Financial fraud is an increasingly pervasive problem, estimated to cost more than $5 trillion in 2019 – more than 6% of the Global Domestic Product. Stemming the wave of financial loss requires constant vigilance since fraud perpetrators continue to evolve their tactics, allowing them to evade detection.
Nik Vora is the Vice President – APAC, at leading Graph Database Platform, Neo4j.
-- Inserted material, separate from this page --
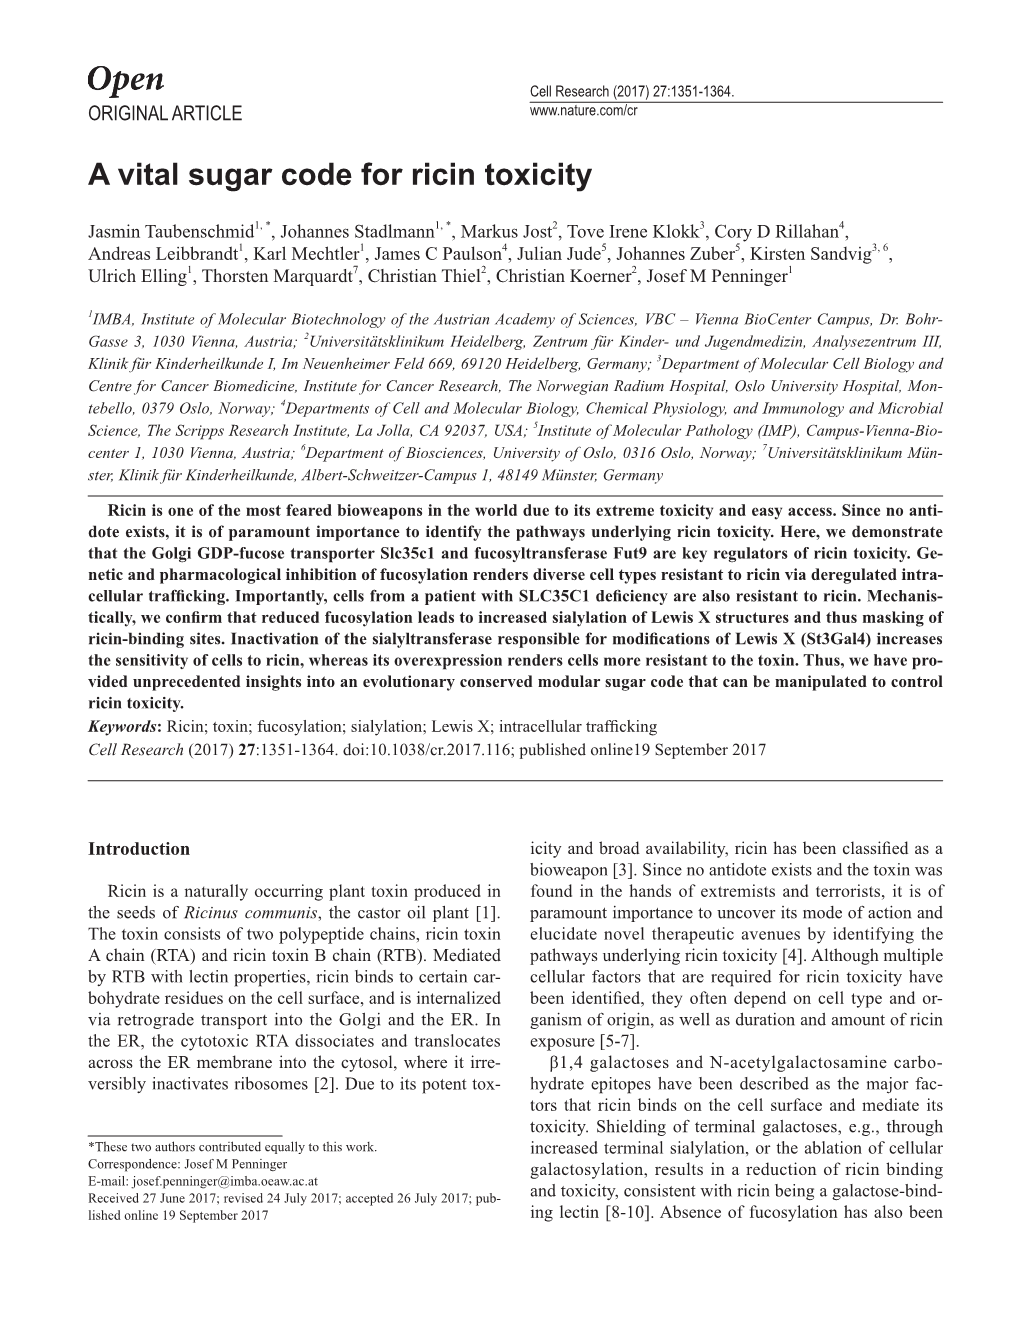 A Vital Sugar Code for Ricin Toxicity
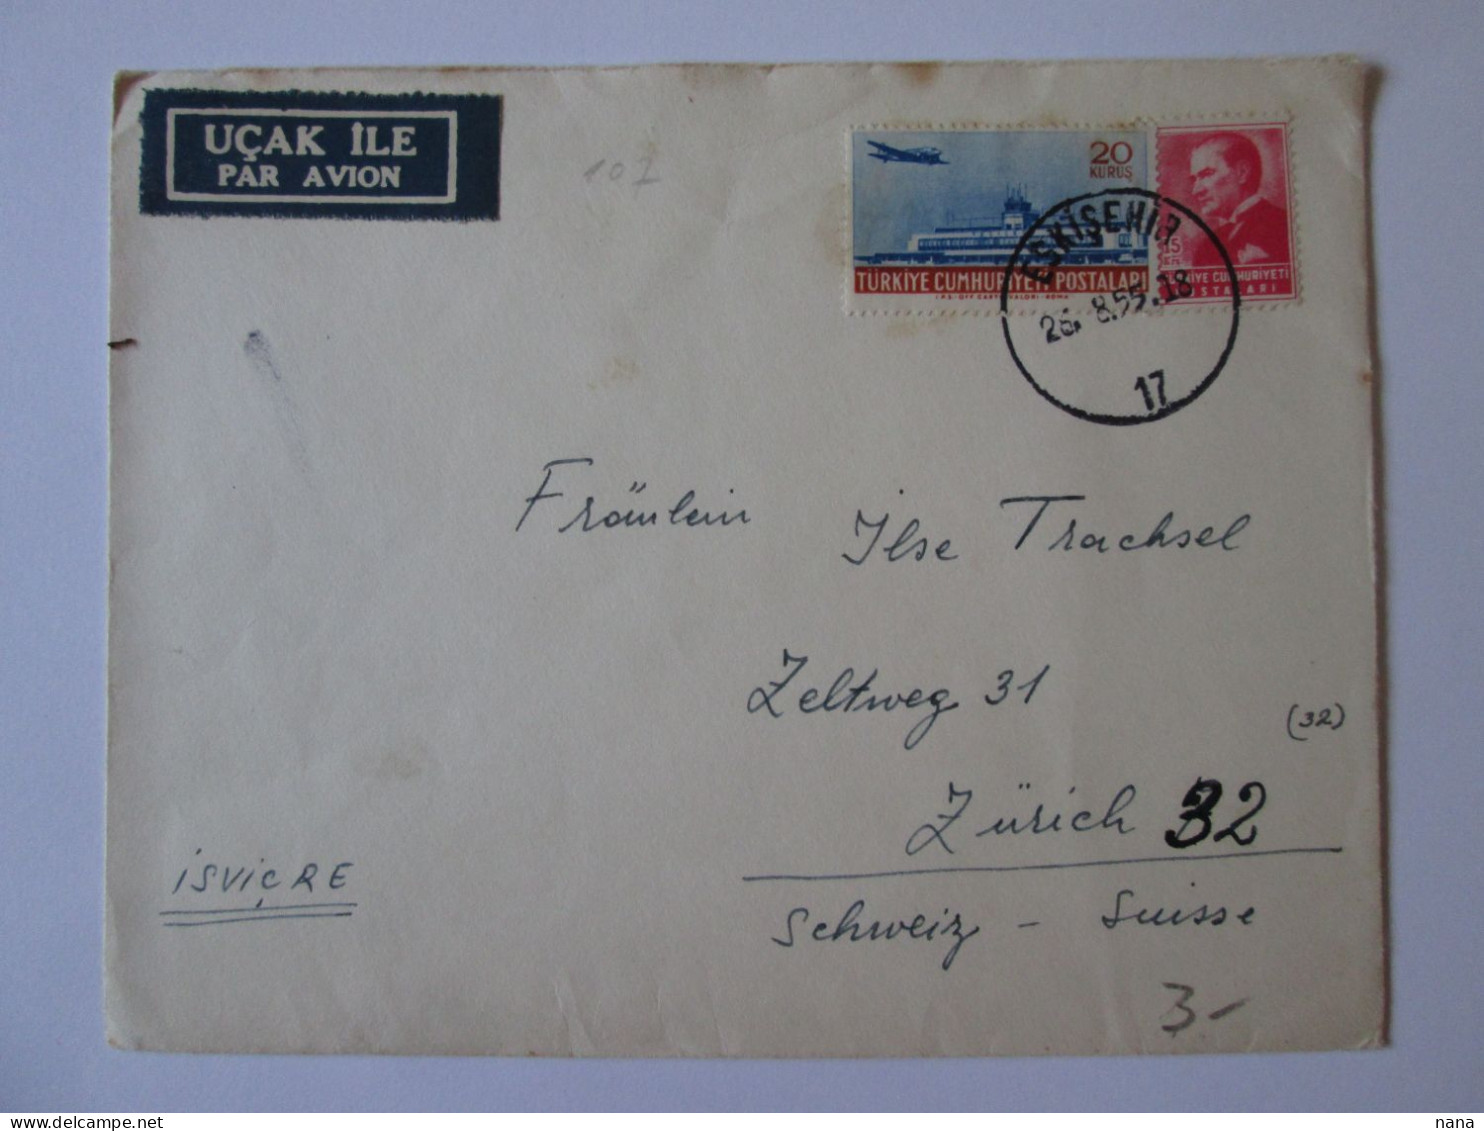 Turquie/Turkey-Eskișehir Enveloppe Recommandee Par Avion 1955/Registered Cover Air Mail 1955 - Covers & Documents

Prior to this, he established Qubole in APAC and had the opportunity to lead and be a part of 3 hyper-growth GTM plays for Capillary Technology, a Cloud-SaaS platform. Over the last 10 years, his focus has been about building markets in Singapore, Australia, India and China. Here he explains how traditional fraud detection methods often fail to minimize losses since they perform discrete analyses that are susceptible to false positives and negatives. Knowing this, increasingly sophisticated fraudsters develop a variety of ways to exploit the weaknesses of discrete analysis.
Winning the battle against money laundering requires a technology that better harvests information from transactions – and other sources – and better detect suspicious activity in real-time and at scale. This has been challenging because companies process billions of transactions per day involving tens of millions of parties.
The steps below outline a typical graph approach to fraud detection.
1. Create a graph of relationships of information about individuals. Connect all available information: account IDs, user names, account numbers, names, IP addresses, social media accounts, email addresses, identification numbers, mailing addresses, dates of birth, and so on.
2. Define what suspicious activity to look for. For example, consider:
Common attributes (same email addresses, tax identification number, or phone number, for instance)
Multiple parties using the same account
Short paths between transactions (a rapid return of purchase with no support call or reason given, for example)
3. Run graph queries on these attributes or use graph algorithms to investigate. Algorithms surface fraud rings by detecting discrete islands of activity or groups that interact more with each other than the rest of the graph or network.
4. Explore result sets with a visualization tool to investigate and verify fraudulent activity. Graph visualization cuts the manual analyst review time in half, allowing them to stop fraudulent transactions sooner and reduce wait times for non-fraudulent customers.
5. Automate the steps above by converting graph algorithm scores into features to add to your machine learning model so that you identify fraud faster, minimize false positives, and shut it down sooner.
Graph technology is the ideal enabler for efficient and manageable fraud detection solutions. From fraud rings and collusive groups to educated criminals operating on their own, graph database technology uncovers various important fraud patterns – and all in real-time.